WORK INSTRUCTIONS:
Leave out every picture, then transcribe the rest of the listing exactly.

INFORMATION SHOWN:
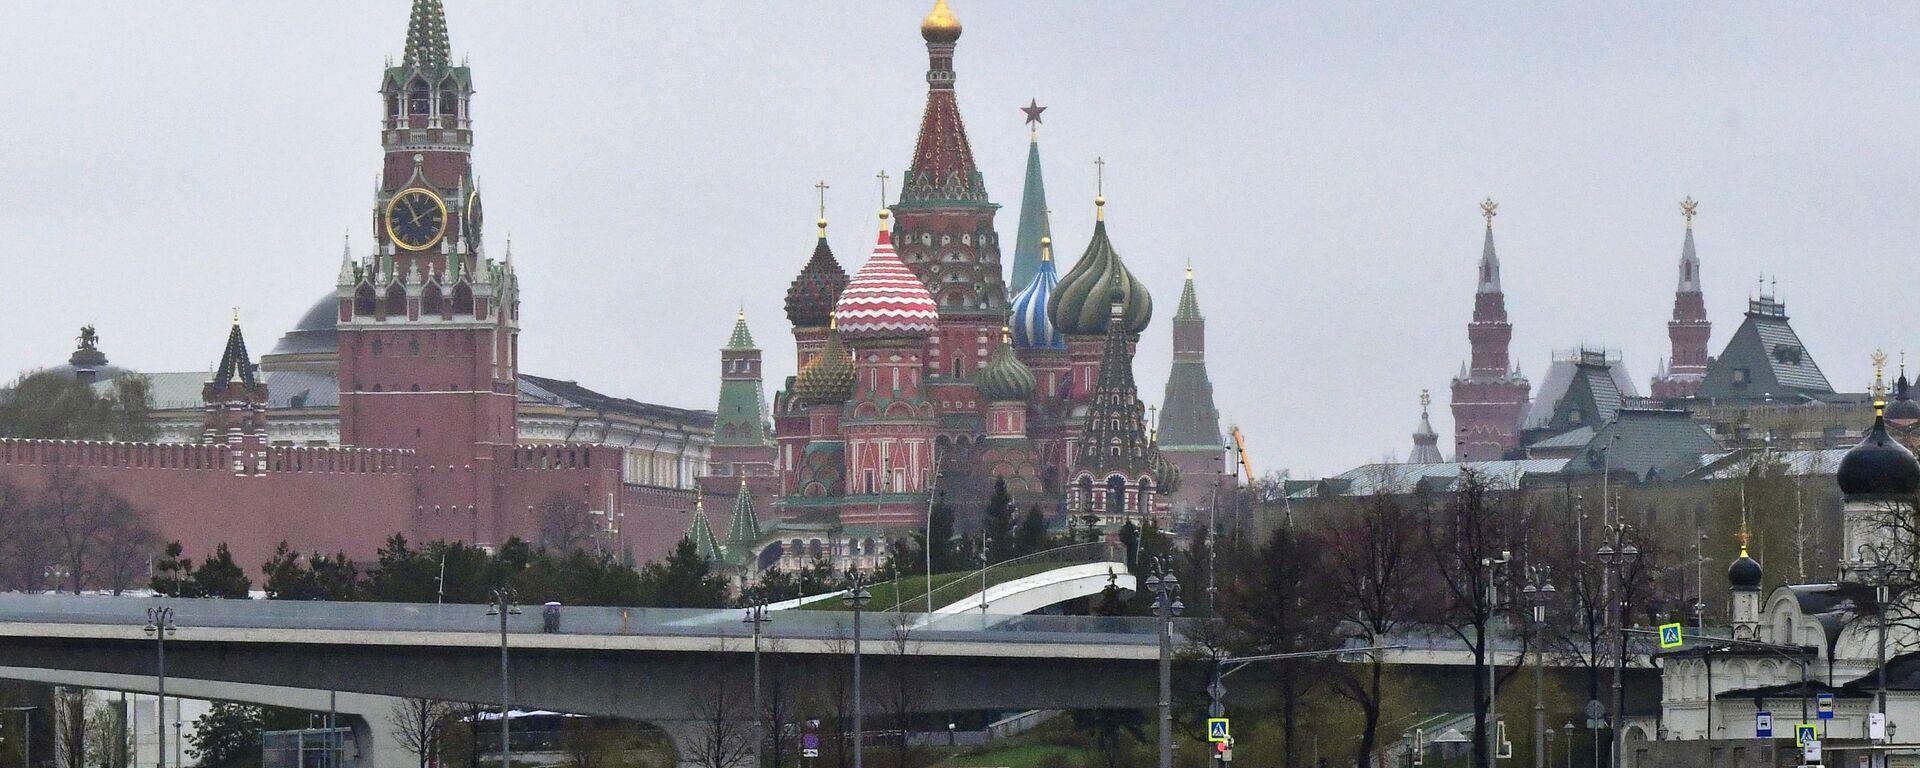 Pogled na Kremlj i Hram Vasilija Blaženog u Moskvi - Sputnik Srbija, 1920, 16.09.2021
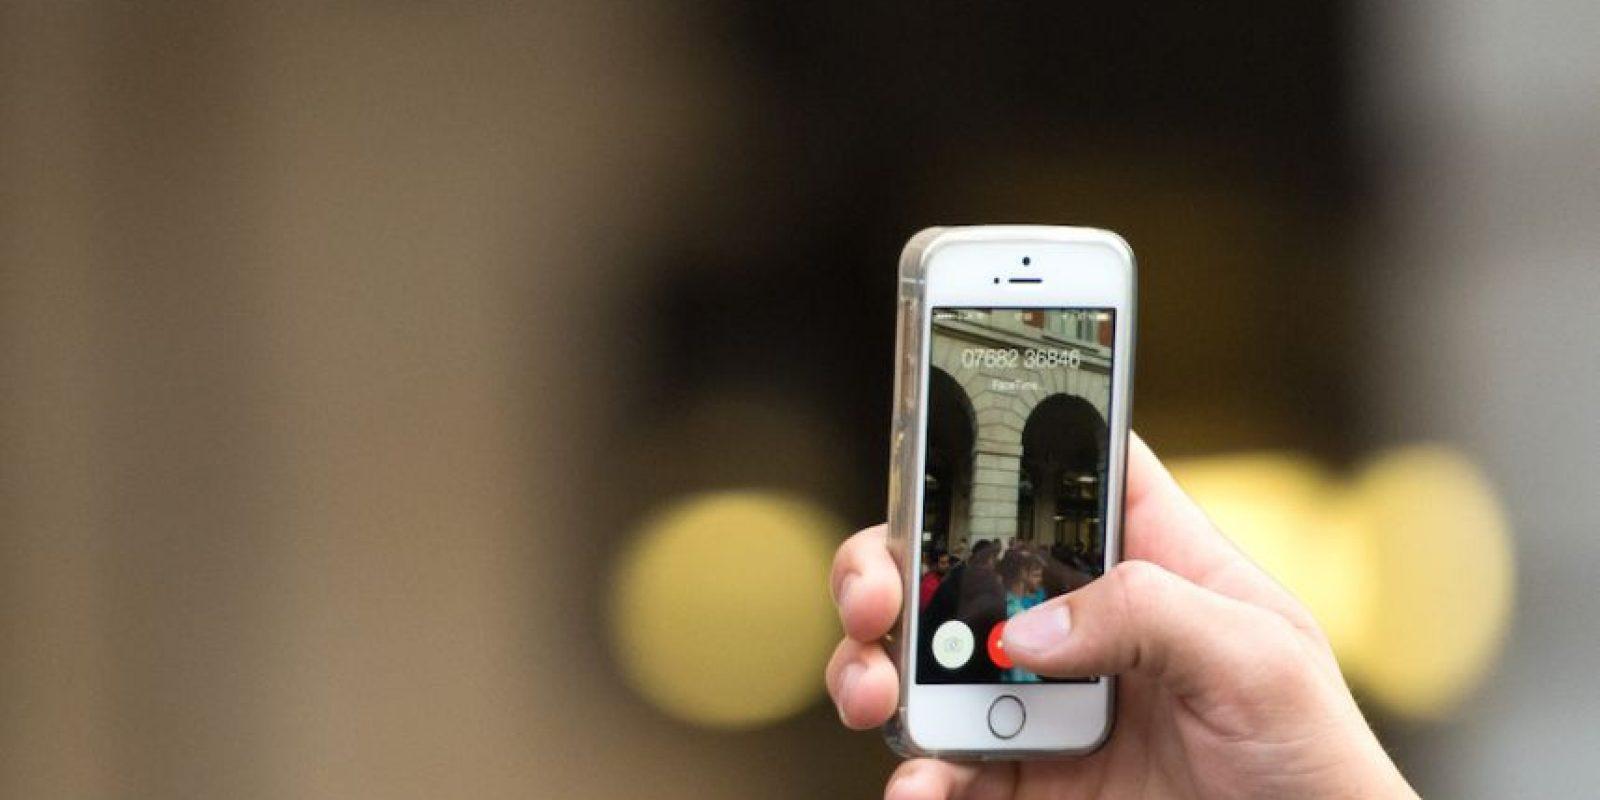 Mejor cámara: Ha sido el pedido desde hace mucho tiempo pero Apple no le ha dado una mayor cantidad de megapixeles a sus cámaras, ni siquiera a la frontal para selfies. Foto:Getty Images
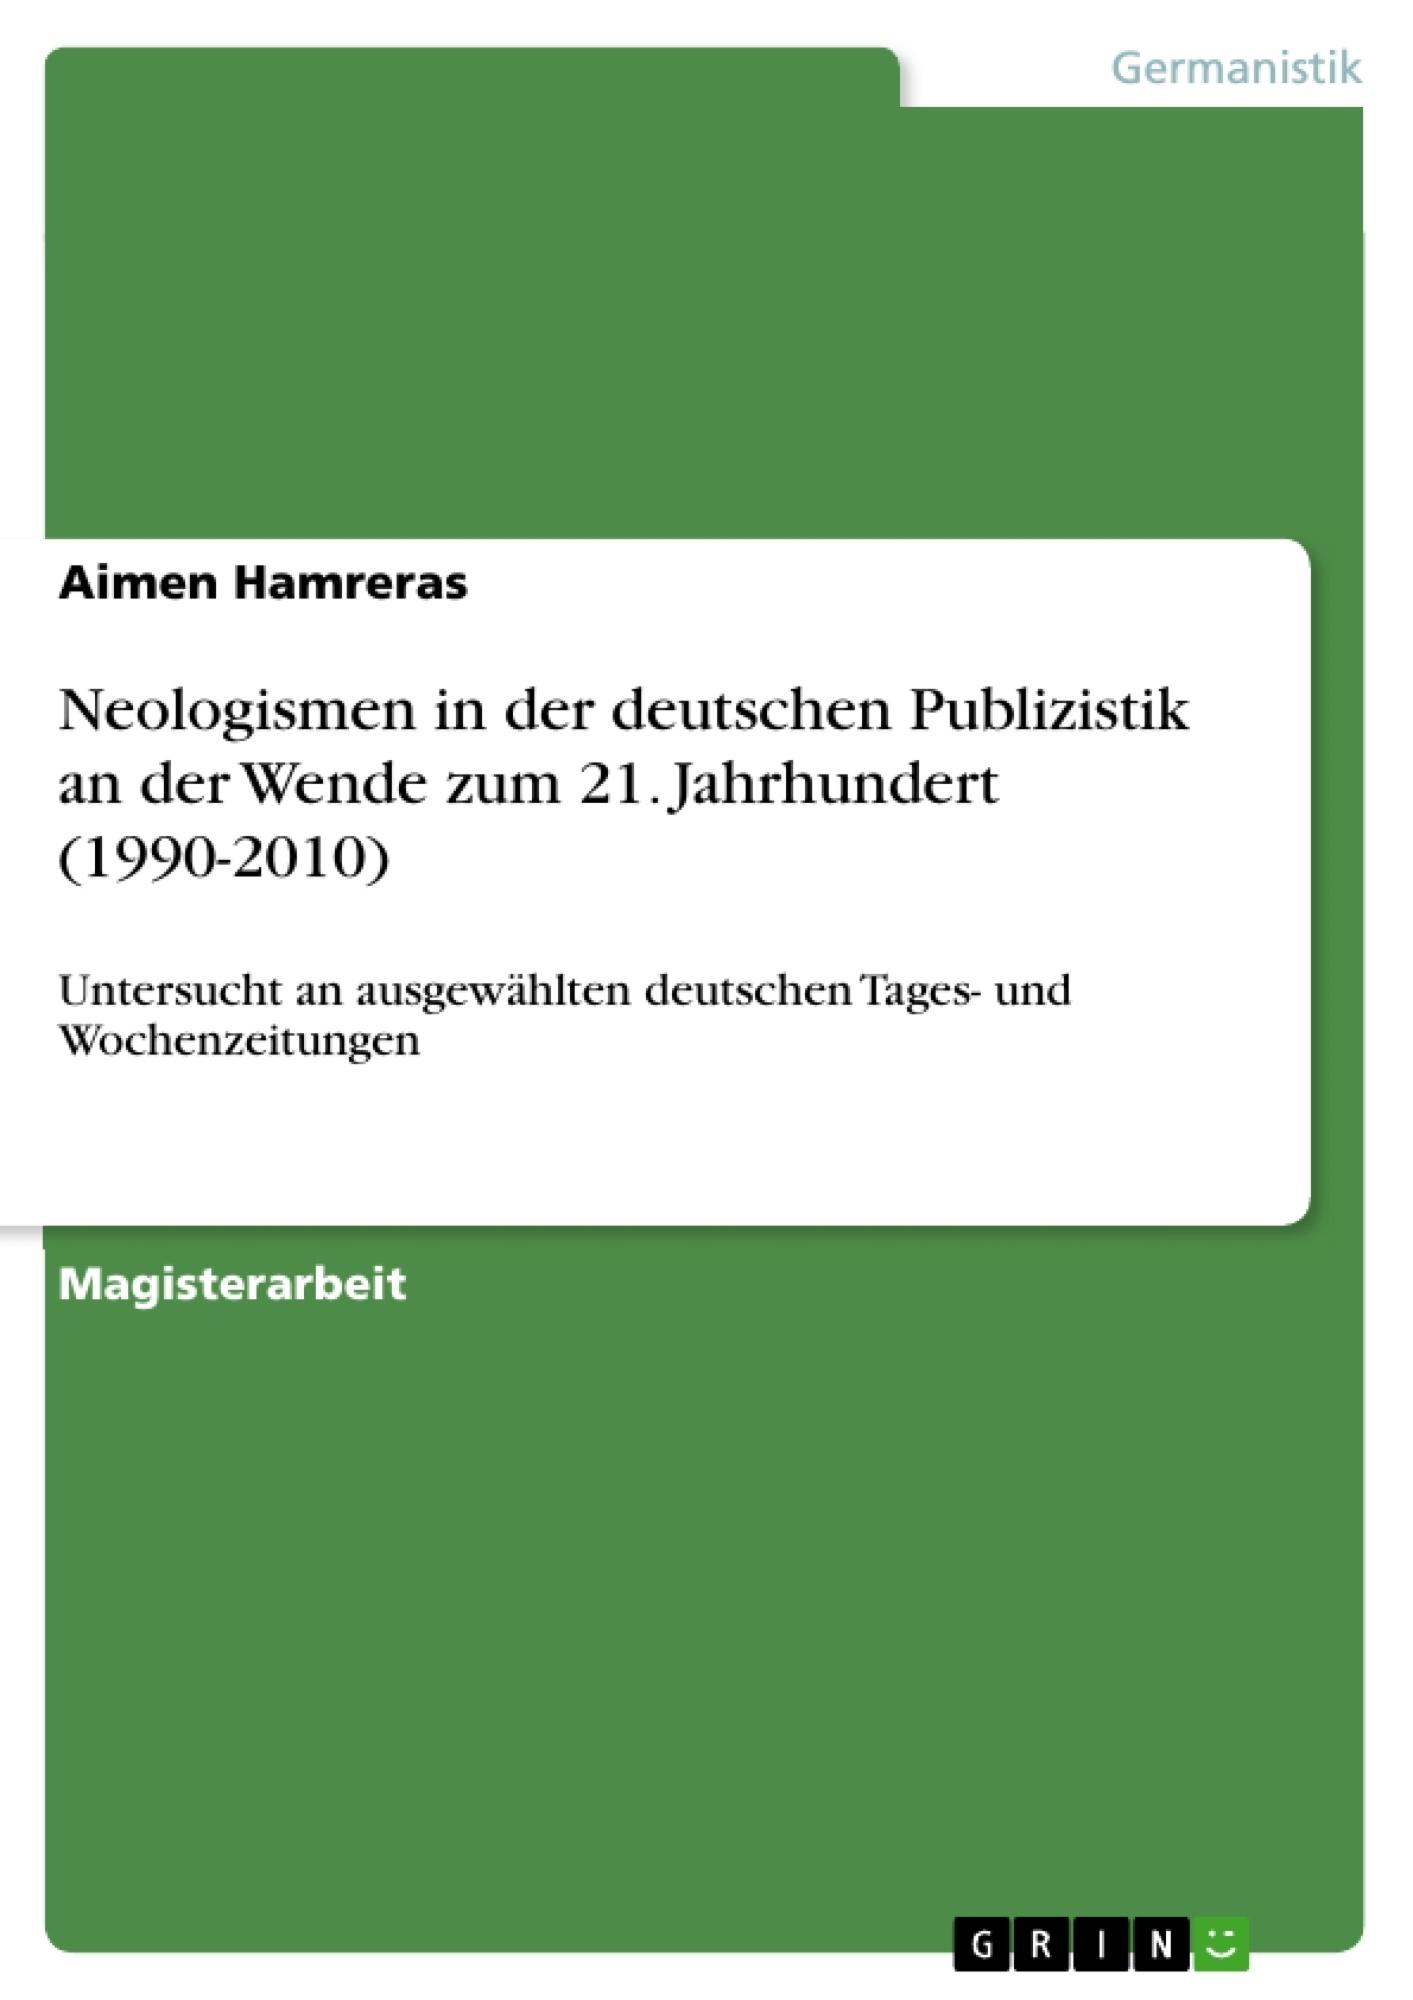 Titel: Neologismen in der deutschen Publizistik an der Wende zum 21. Jahrhundert (1990-2010)
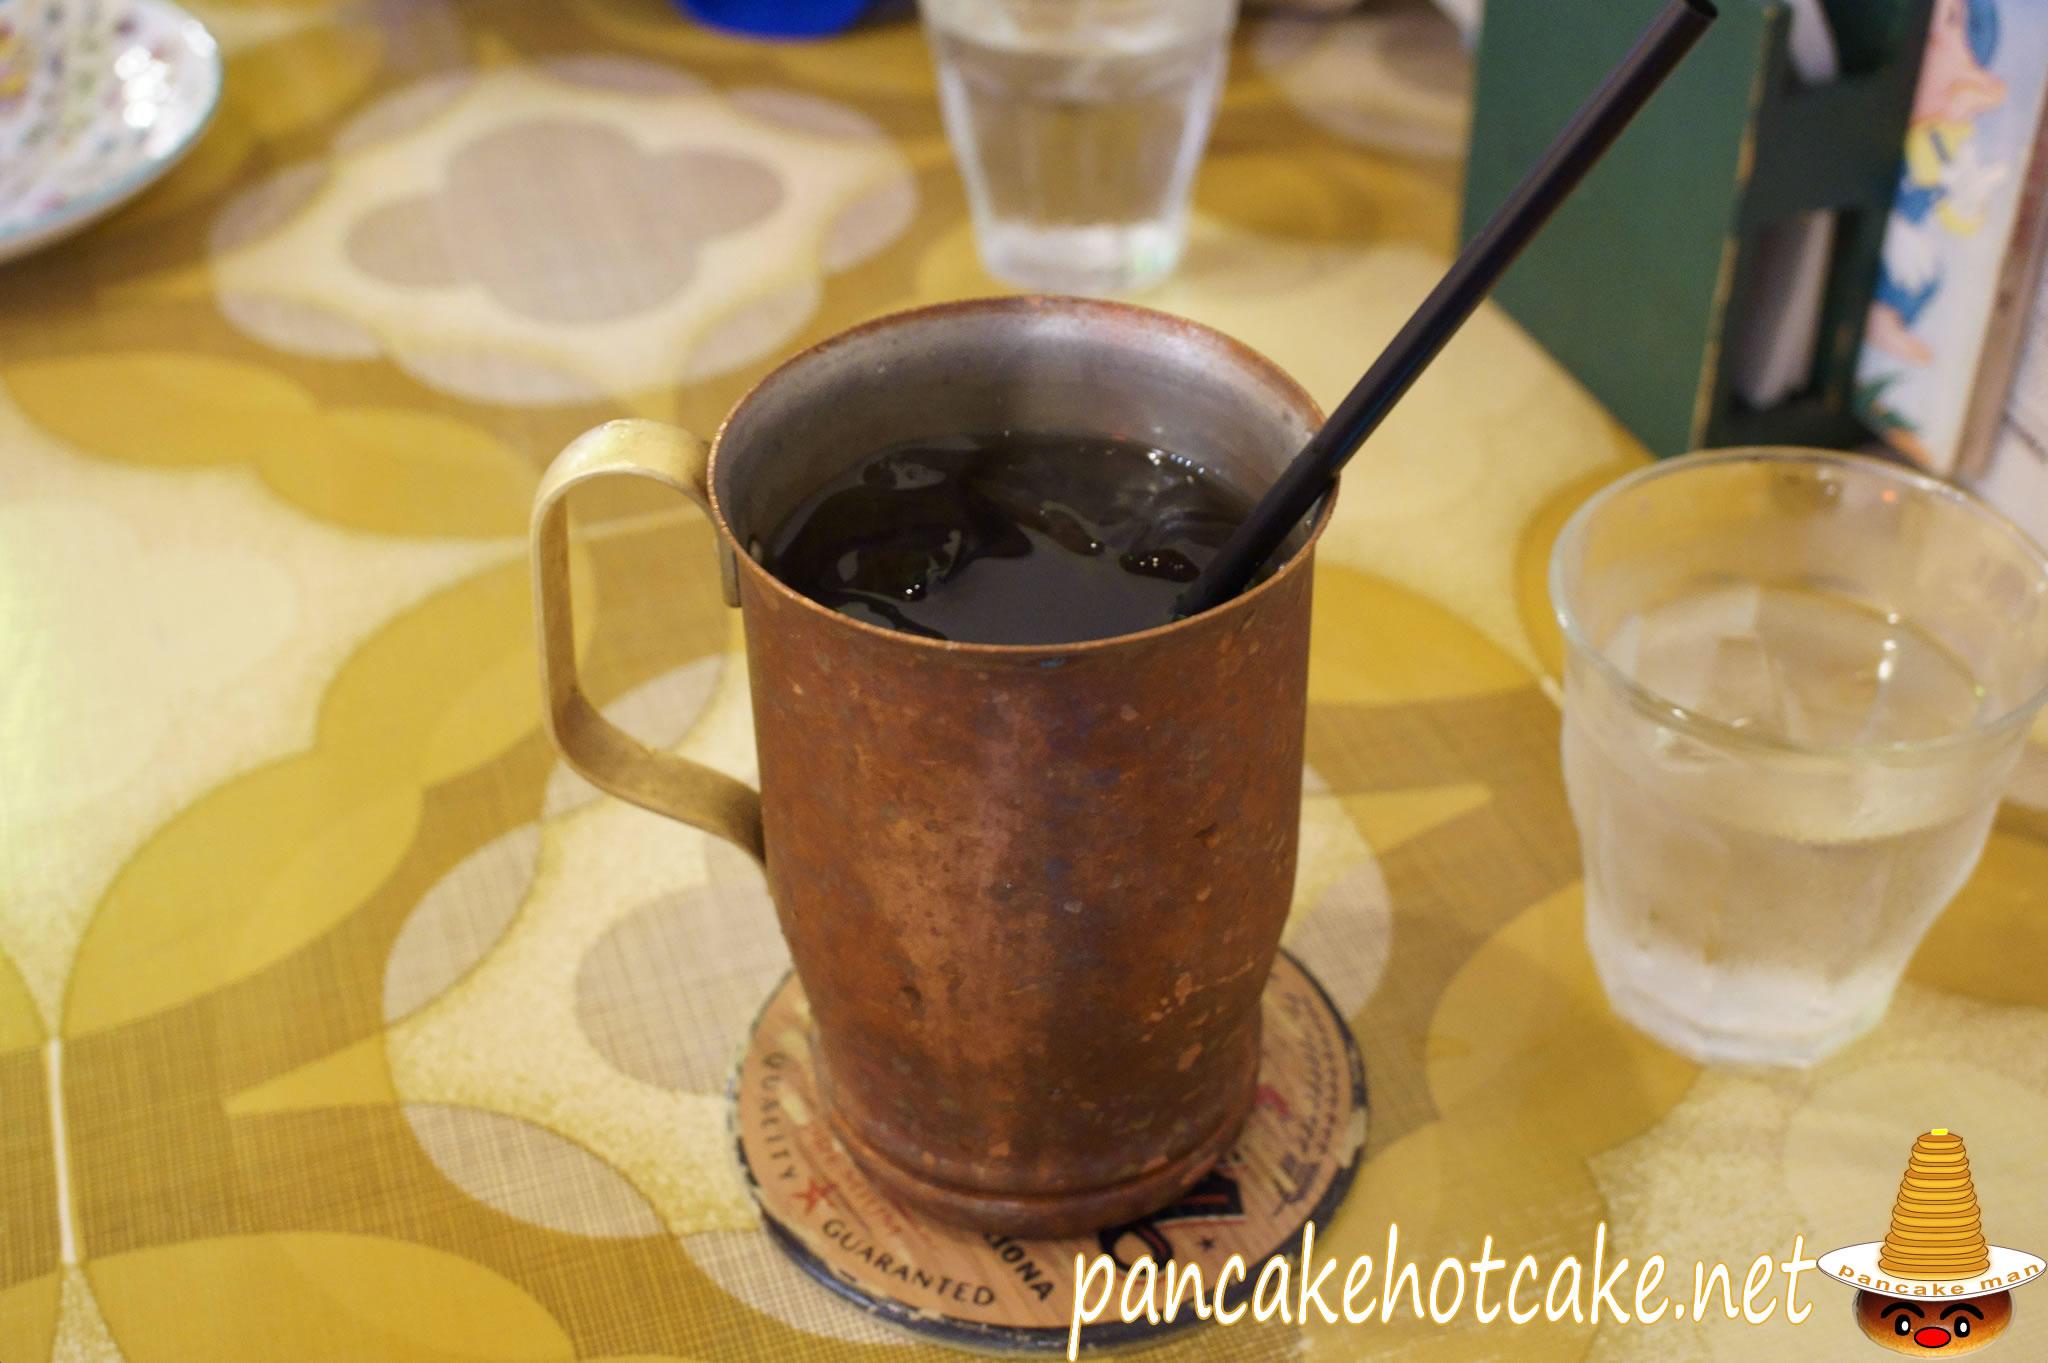 プリンのお供にアイスコーヒーのブラック♪カフェ トキオナ(大阪、南森町、大阪天満宮)

SOLVED PROBLEM:
 Pogled na Kremlj i Hram Vasilija Blaženog u Moskvi - Sputnik Srbija, 1920, 16.09.2021
 Mejor cámara: Ha sido el pedido desde hace mucho tiempo pero Apple no le ha dado una mayor cantidad de megapixeles a sus cámaras, ni siquiera a la frontal para selfies. Foto:Getty Images
 Titel: Neologismen in der deutschen Publizistik an der Wende zum 21. Jahrhundert (1990-2010)
 プリンのお供にアイスコーヒーのブラック♪カフェ トキオナ(大阪、南森町、大阪天満宮)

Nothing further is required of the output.